- WORK INSTRUCTIONS -
The first line of the entries is where the copy starts and the line with "流行しているする必要がある独立した【ロイヤル?アストレア】脂性肌薬用育毛剤 マオファD 500ml" is where it ends; set down each line exactly, both ends included, and drop pictures.

*** SUPPLIED INFORMATION Section Begins ***

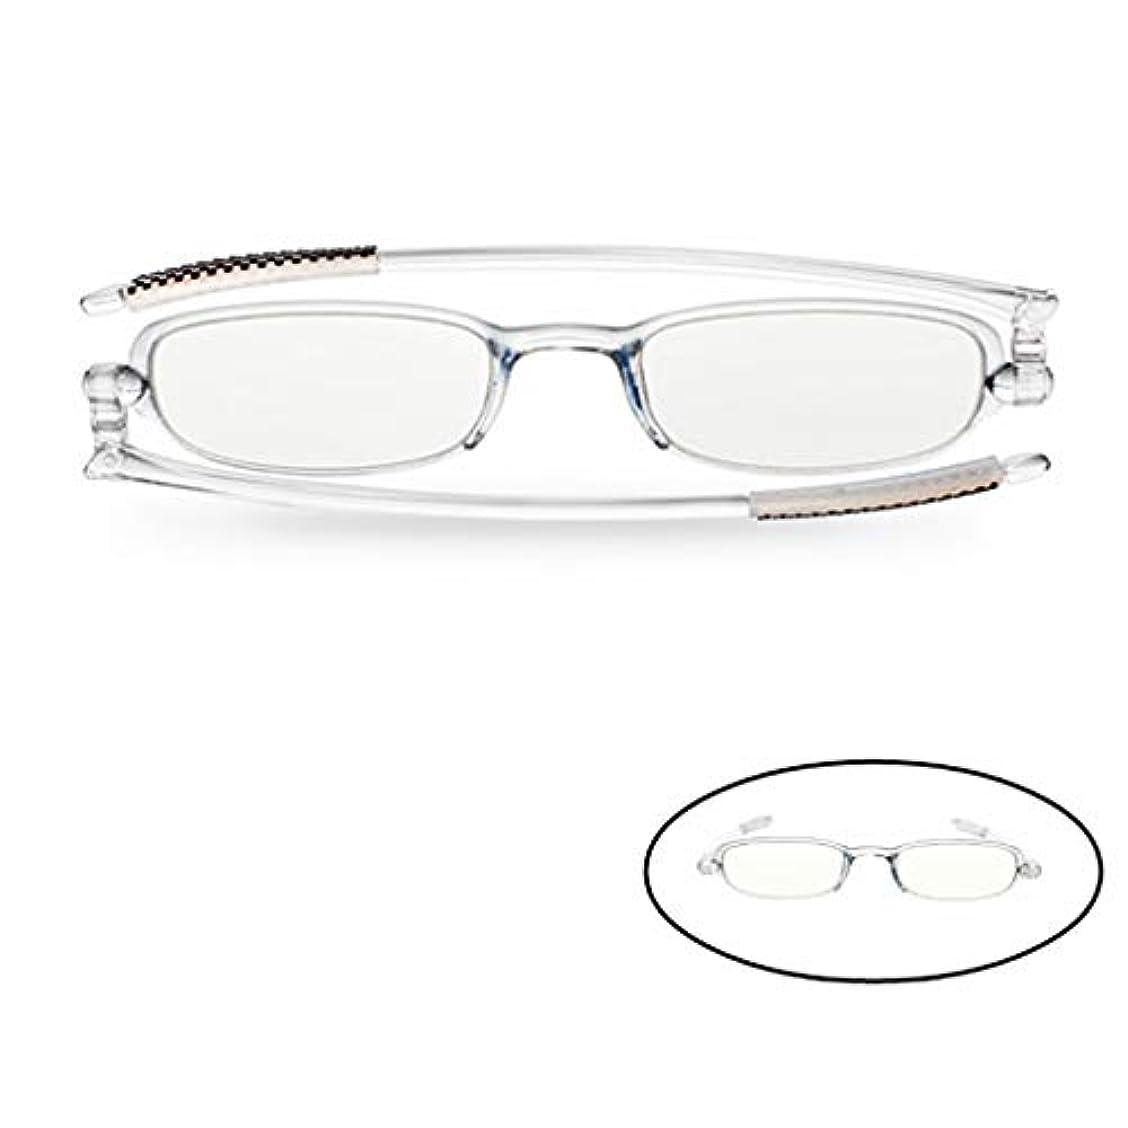 コンピュータカードリーダーの老眼鏡X1、男性と女性のアンチブルー放射線、春の蝶番ポータブル折りたたみ式軽量読書用メガネ(360°回転)
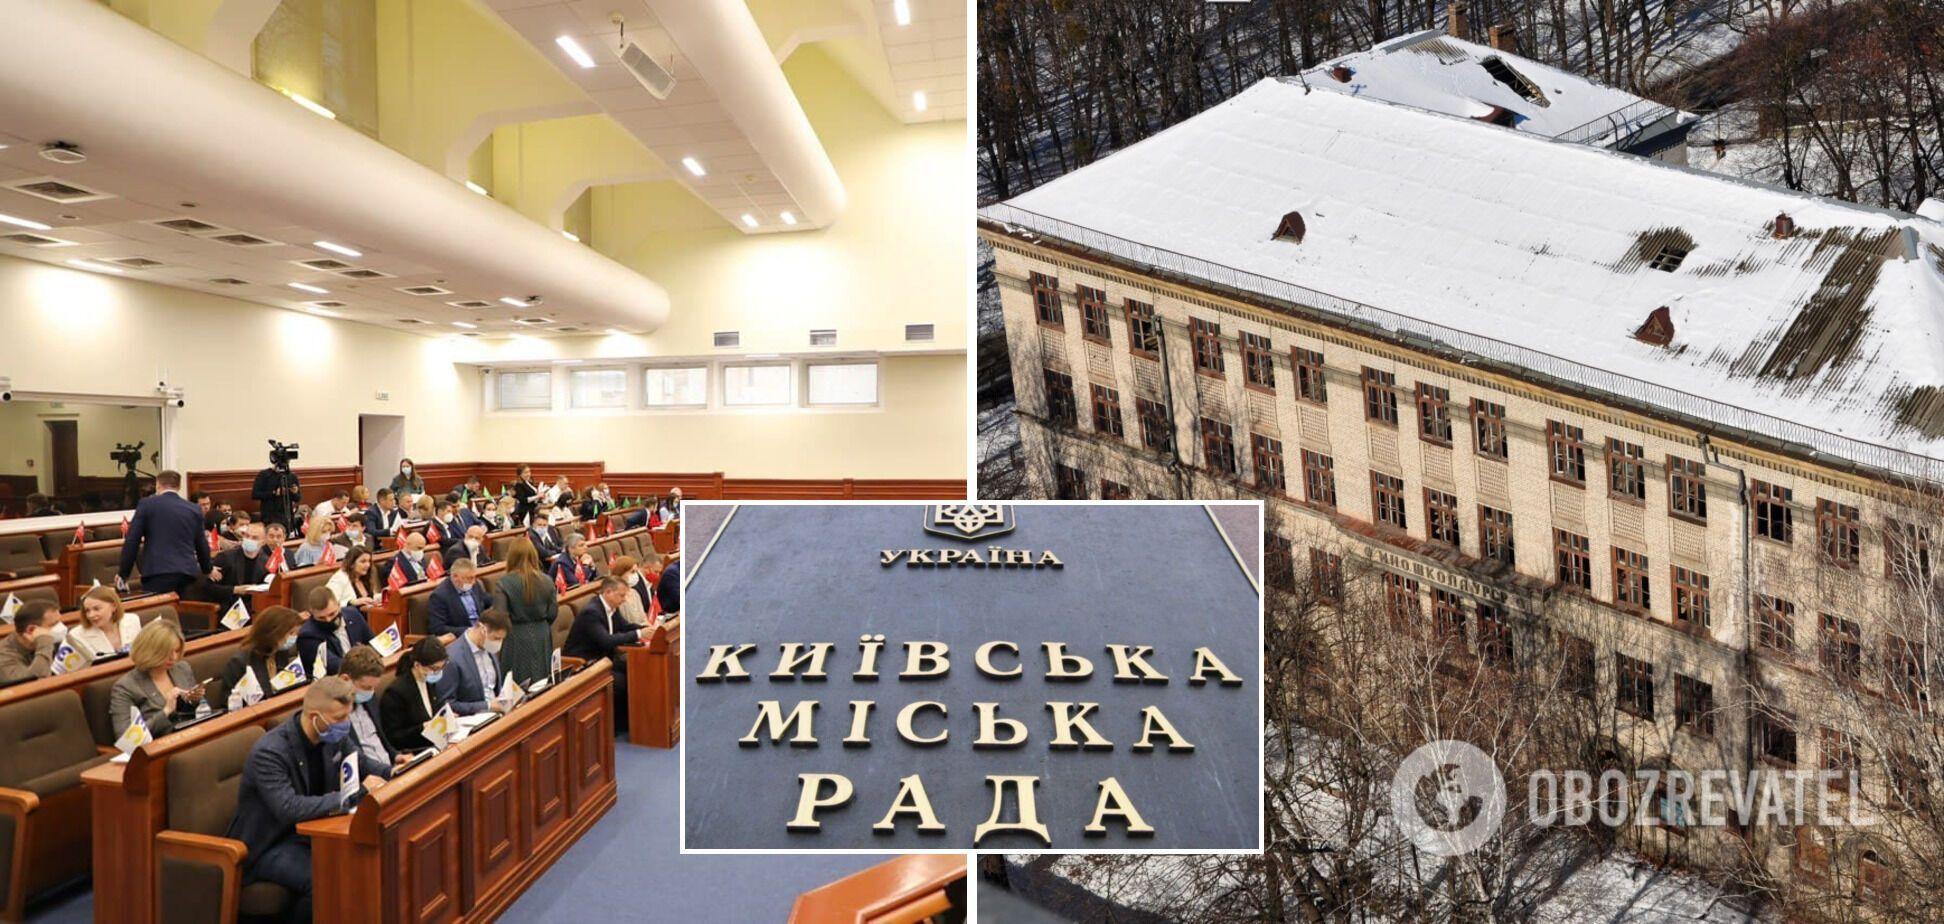 Київрада дала дозвіл на знесення історичної будівлі в столиці, – активіст
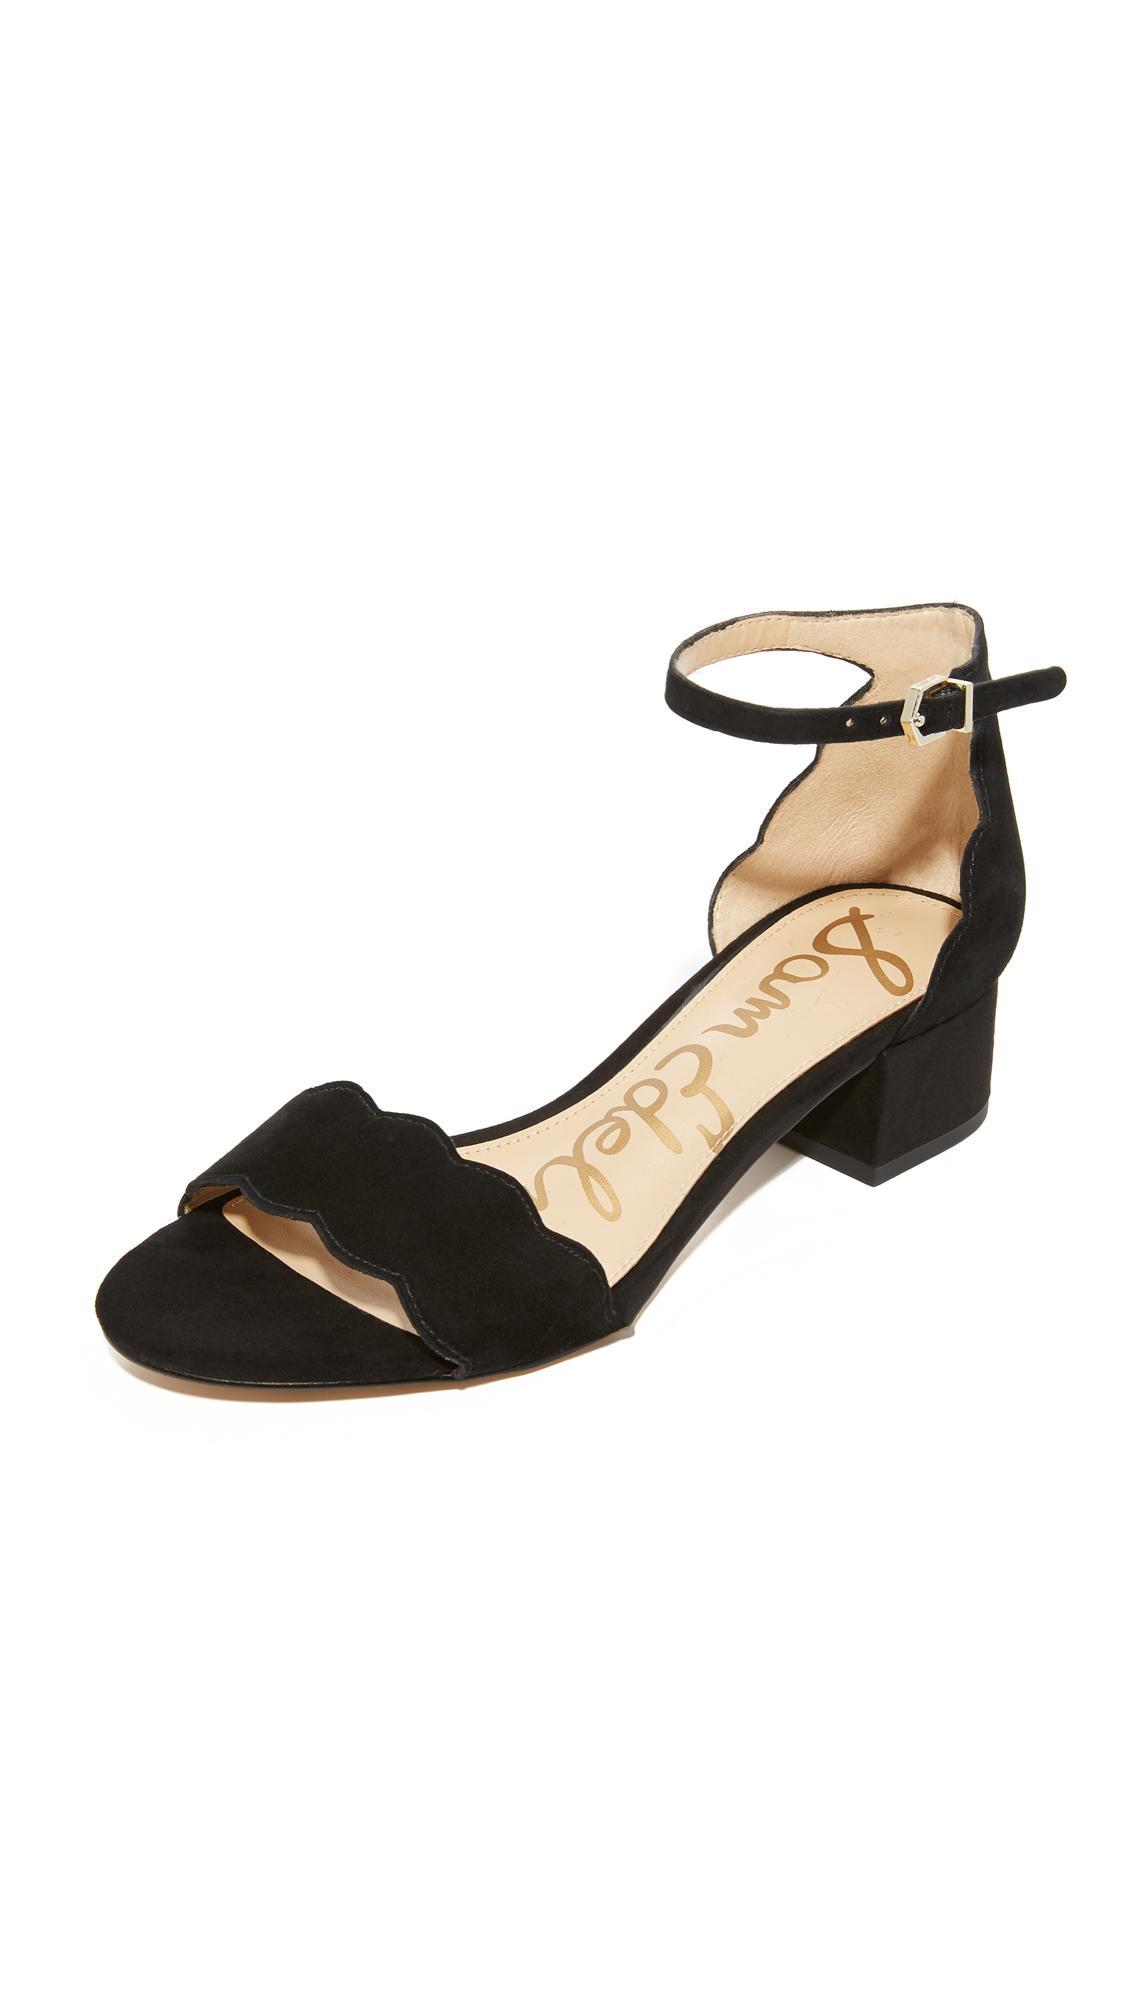 ae8300b4db79 Lyst - Sam Edelman Inara City Sandals in Black
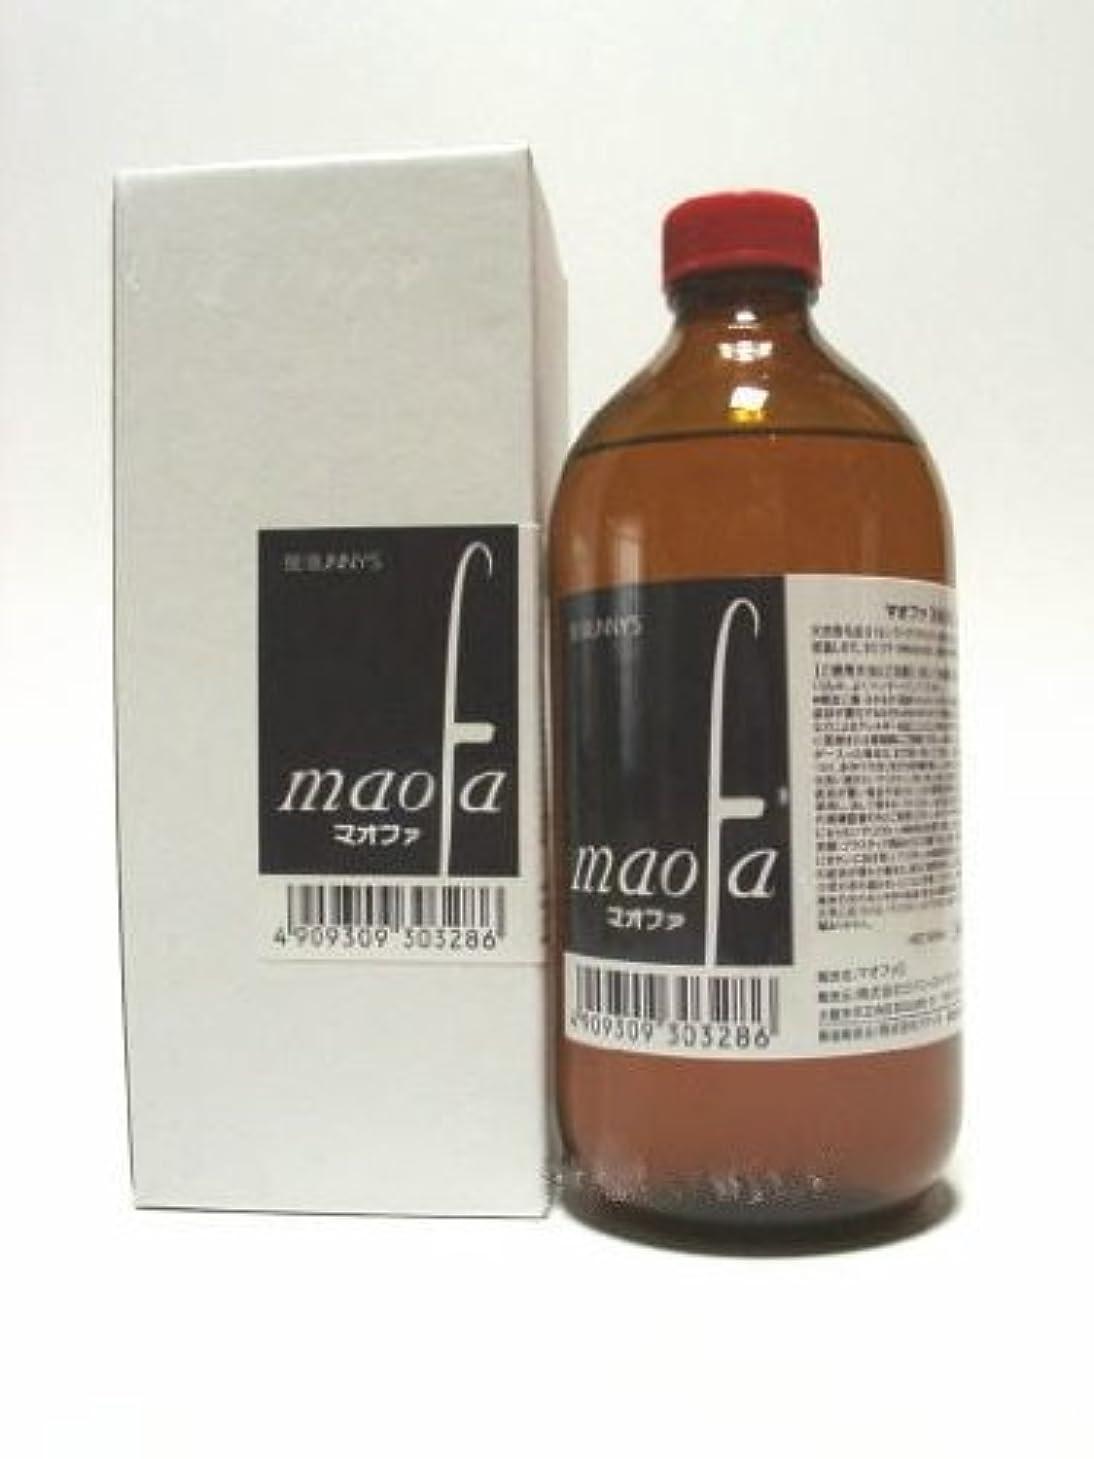 流行しているする必要がある独立した【ロイヤル?アストレア】脂性肌薬用育毛剤 マオファD 500ml
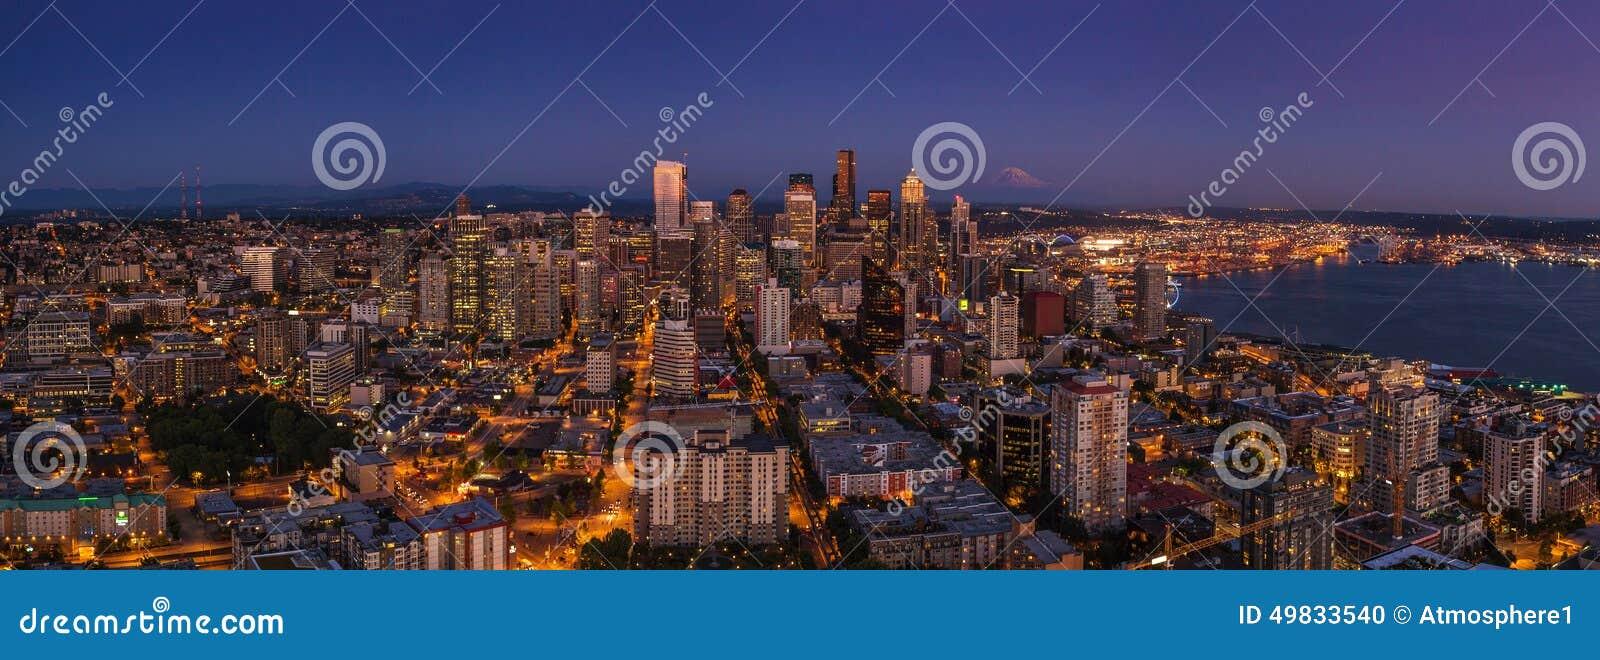 Vida Nocturna De La Ciudad De Seattle Después De La Puesta Del Sol A

*** SUPPLIED INFORMATION Section Ends ***

- RESPONSE TO THIS EXERCISE -
 コンピュータカードリーダーの老眼鏡X1、男性と女性のアンチブルー放射線、春の蝶番ポータブル折りたたみ式軽量読書用メガネ(360°回転)
 Київрада дала дозвіл на знесення історичної будівлі в столиці, – активіст
 ae8300b4db79 Lyst - Sam Edelman Inara City Sandals in Black
 流行しているする必要がある独立した【ロイヤル?アストレア】脂性肌薬用育毛剤 マオファD 500ml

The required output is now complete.